EXERCISE DESCRIPTION ▸ Without pictures, output exactly the lines running from the line containing "Silver Swirl Stud Earrings with Amethyst" to the end of the listing below.
-- RECORDED DATA follows --
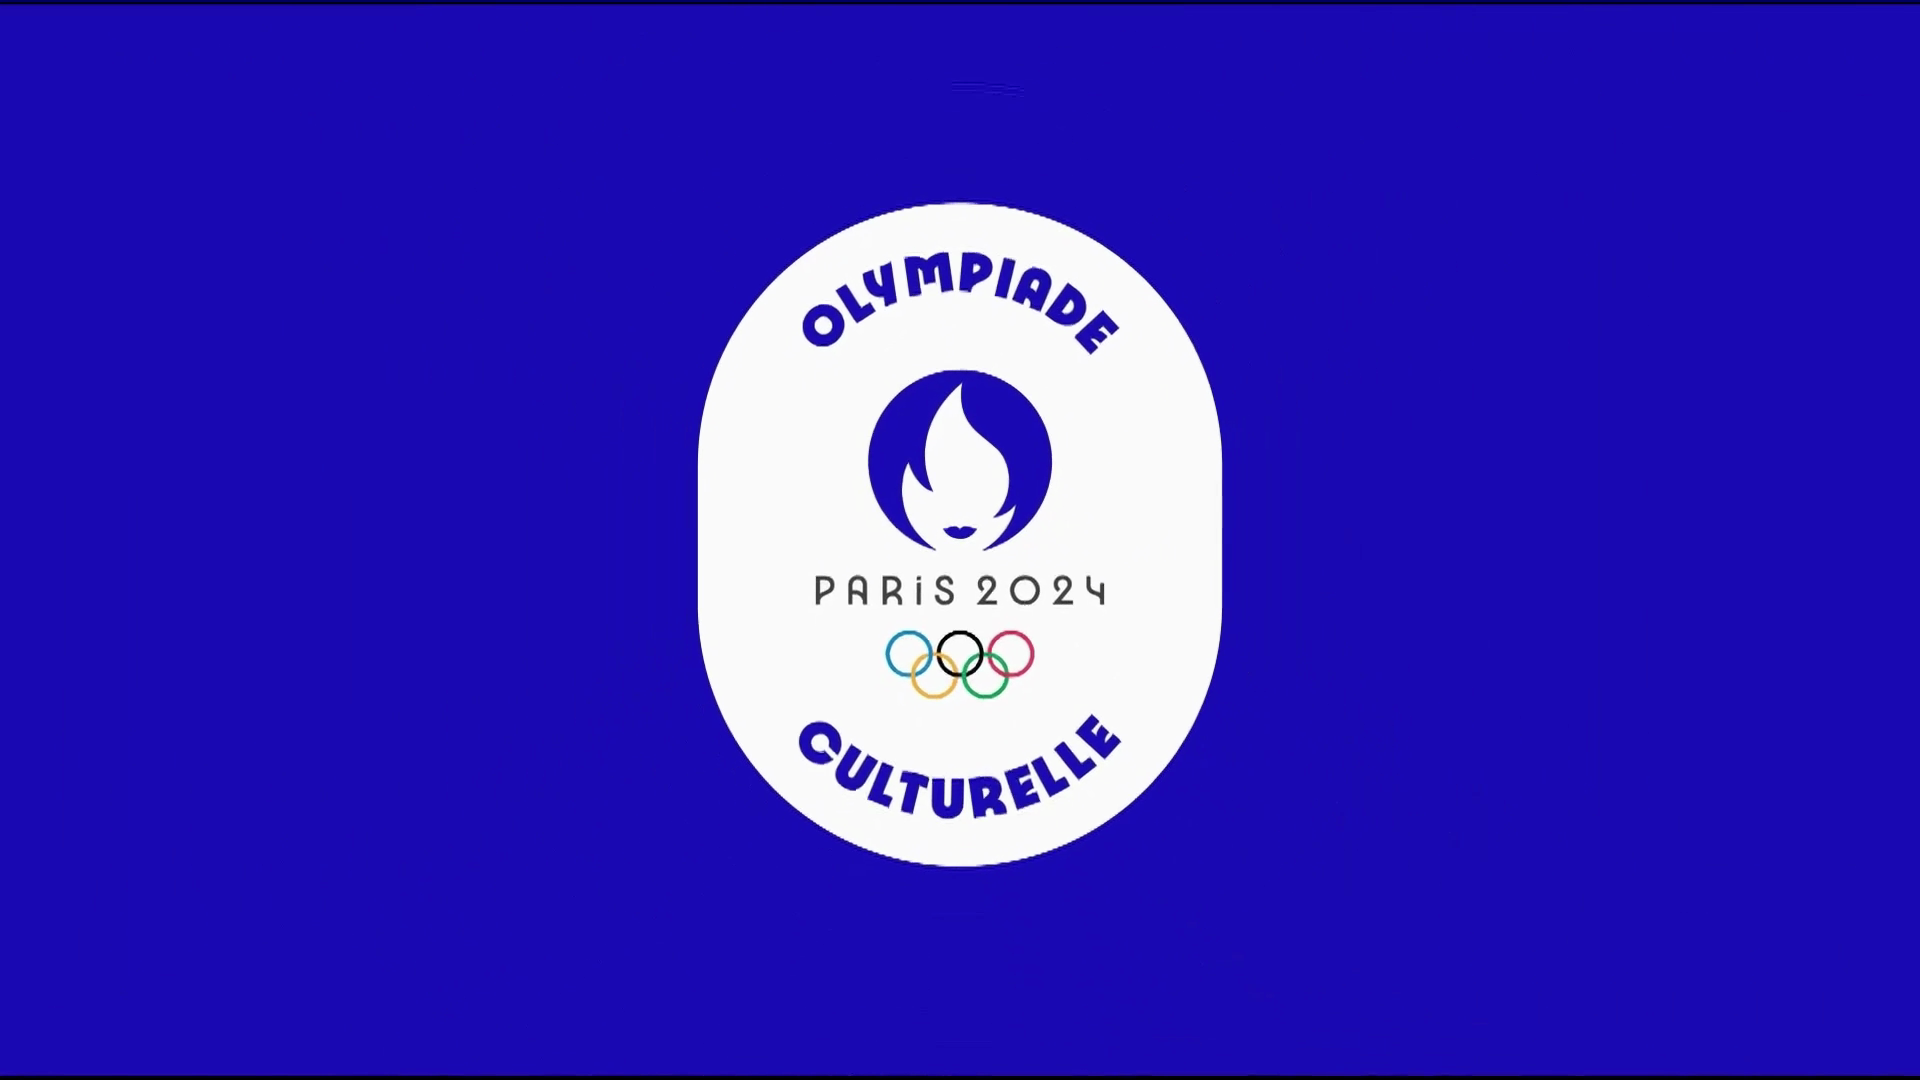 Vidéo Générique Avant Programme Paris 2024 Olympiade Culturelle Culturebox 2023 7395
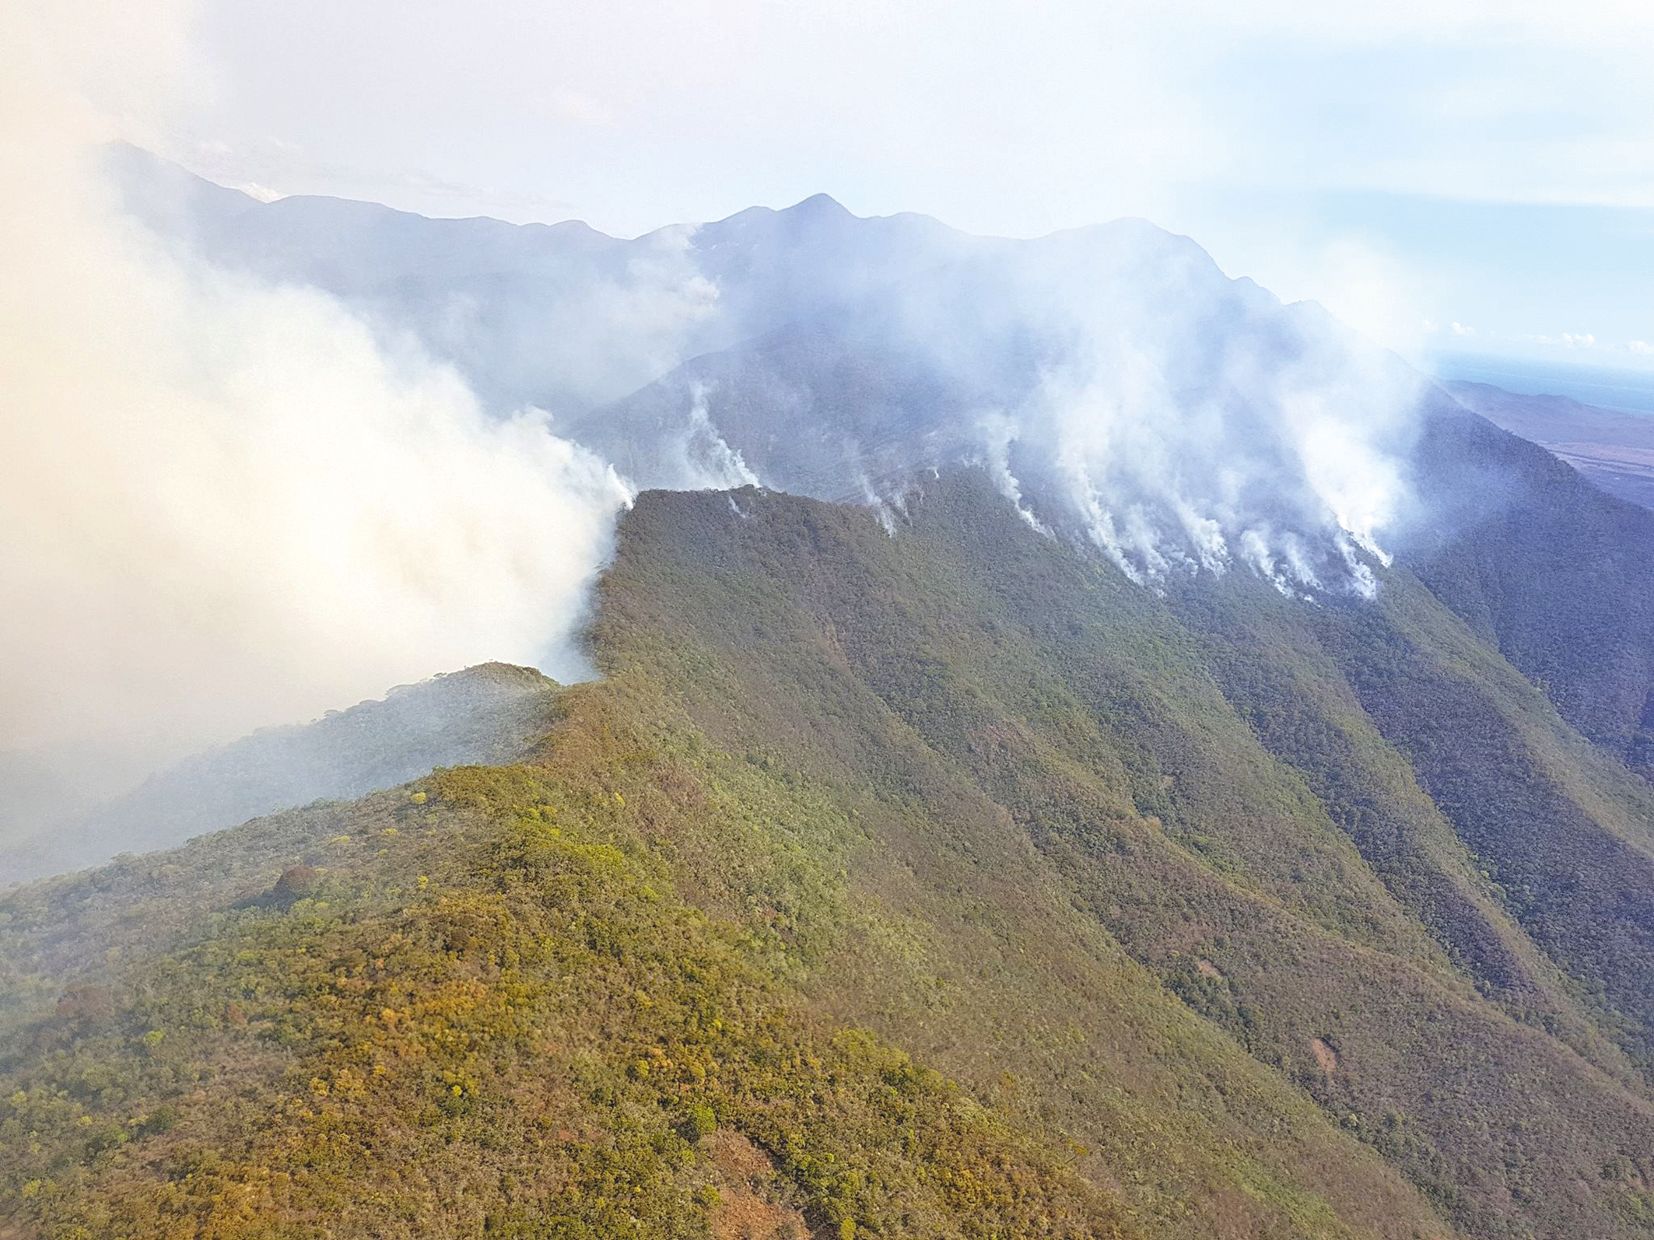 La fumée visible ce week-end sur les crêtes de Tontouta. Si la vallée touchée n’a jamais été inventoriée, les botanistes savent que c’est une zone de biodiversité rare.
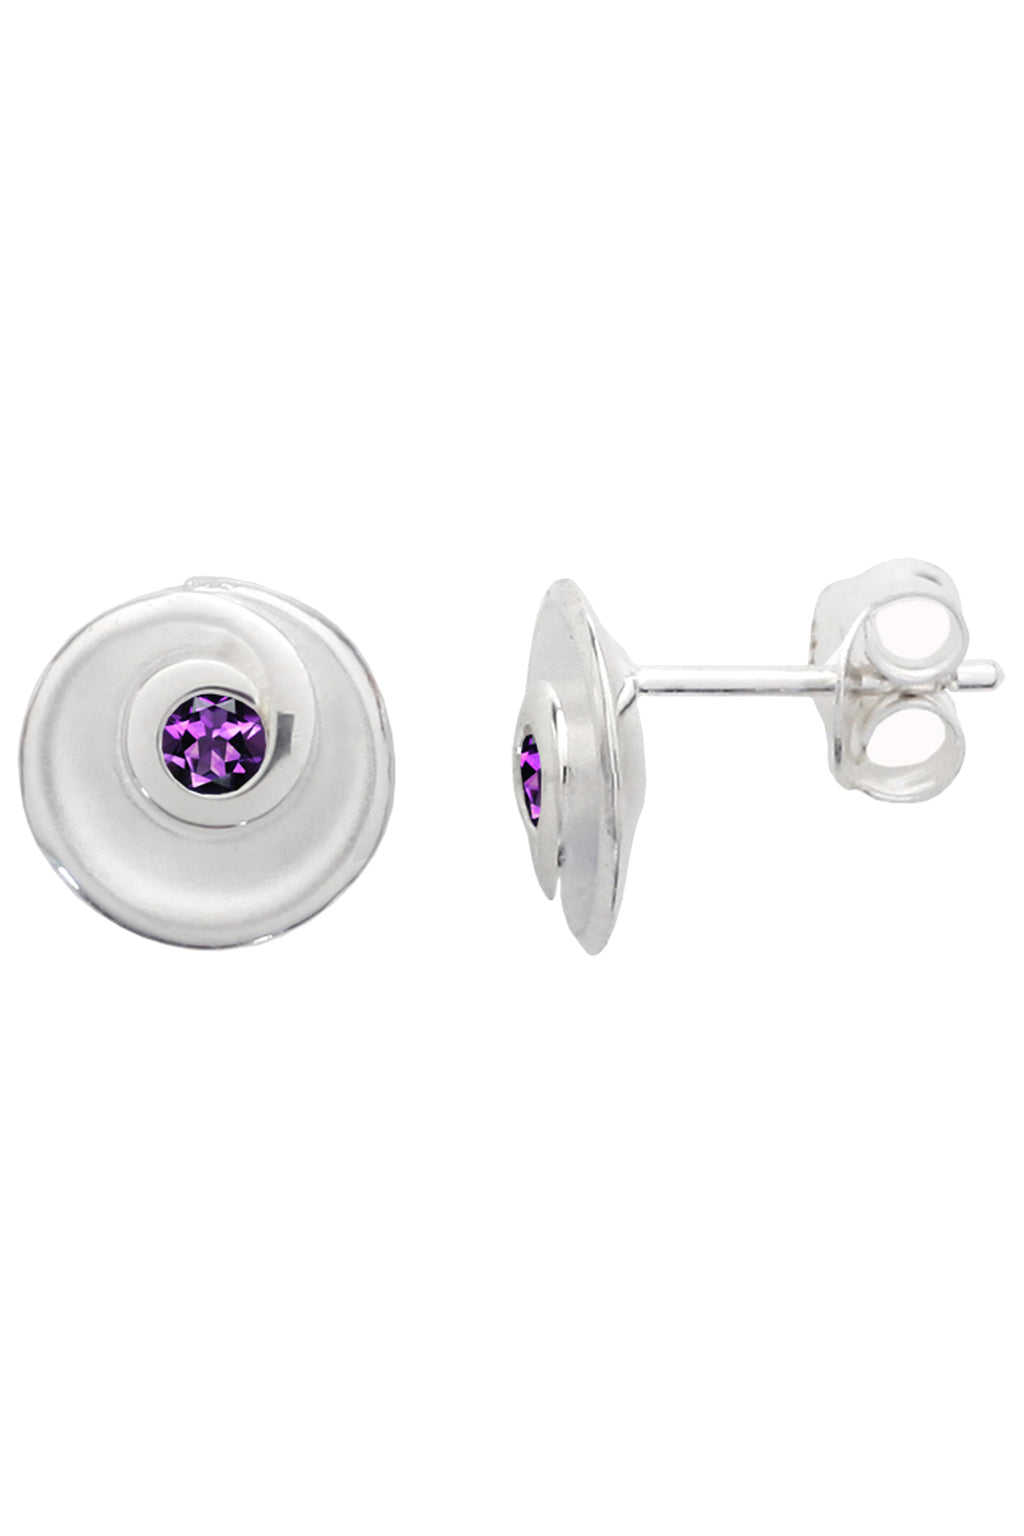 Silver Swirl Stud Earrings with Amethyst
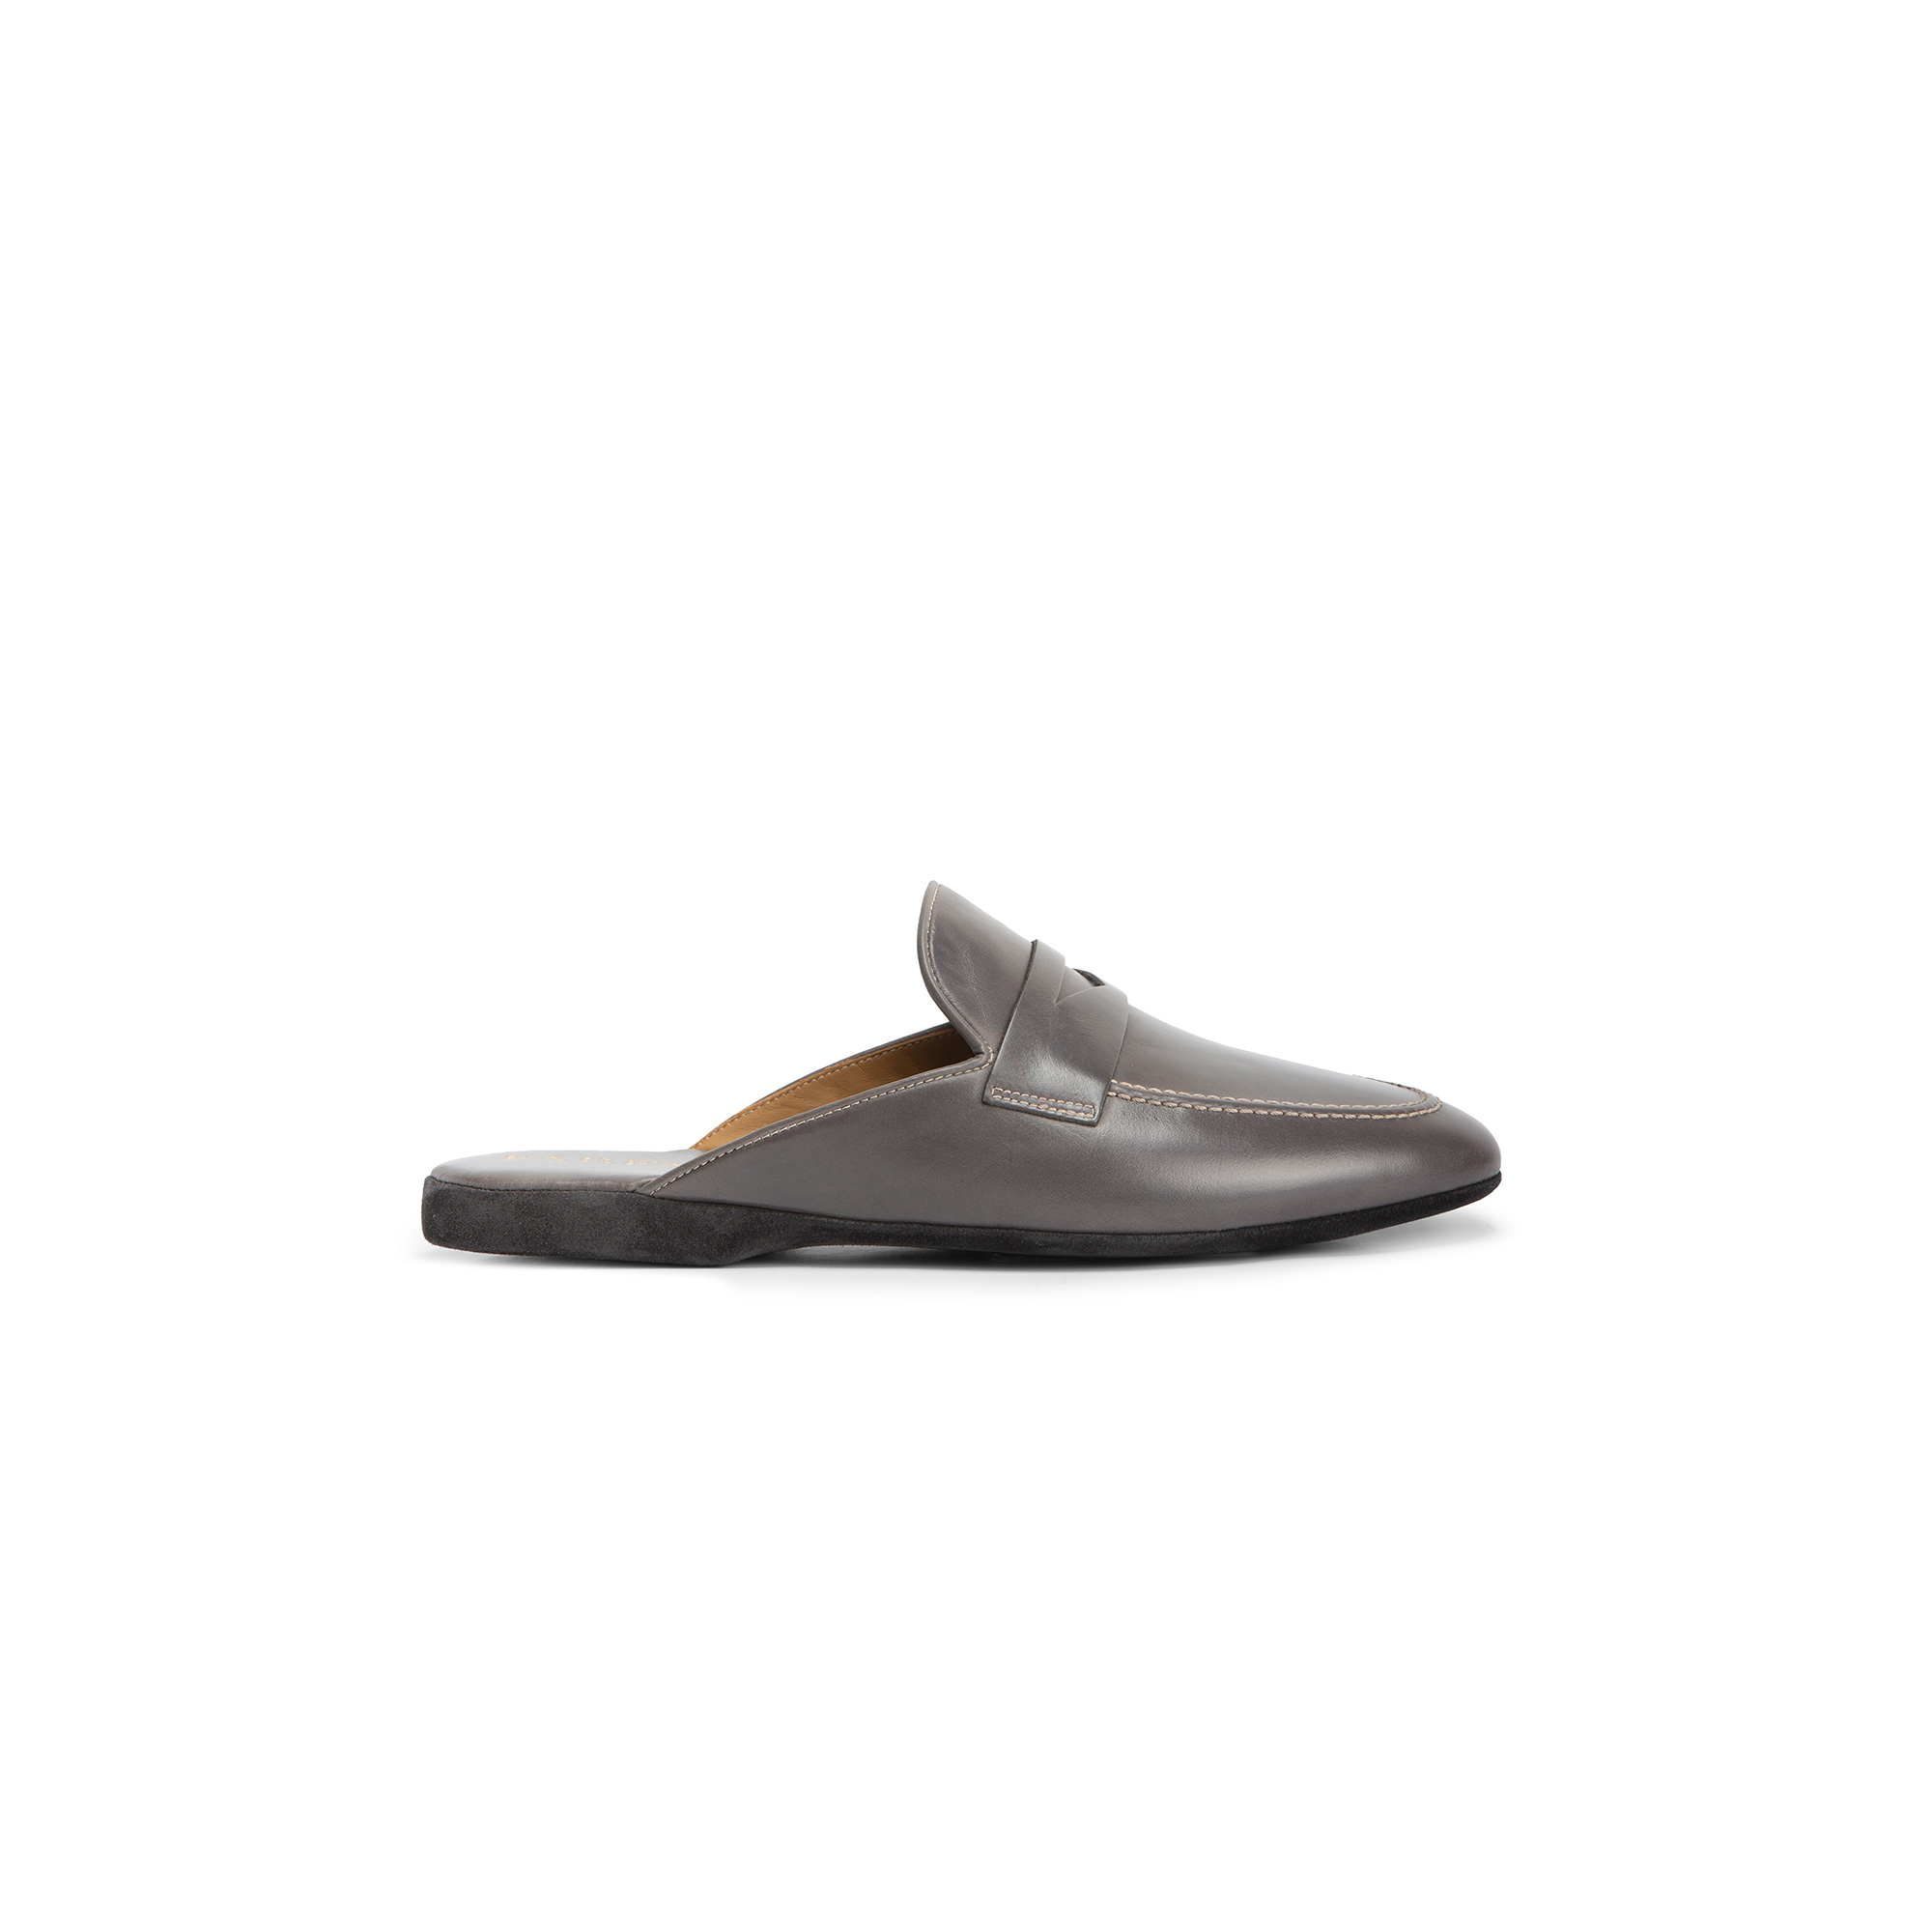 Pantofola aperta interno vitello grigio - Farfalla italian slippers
-- RECORDED DATA concluded --
ANSWER FOR THE TASK ▸
 Silver Swirl Stud Earrings with Amethyst
 Pantofola aperta interno vitello grigio - Farfalla italian slippers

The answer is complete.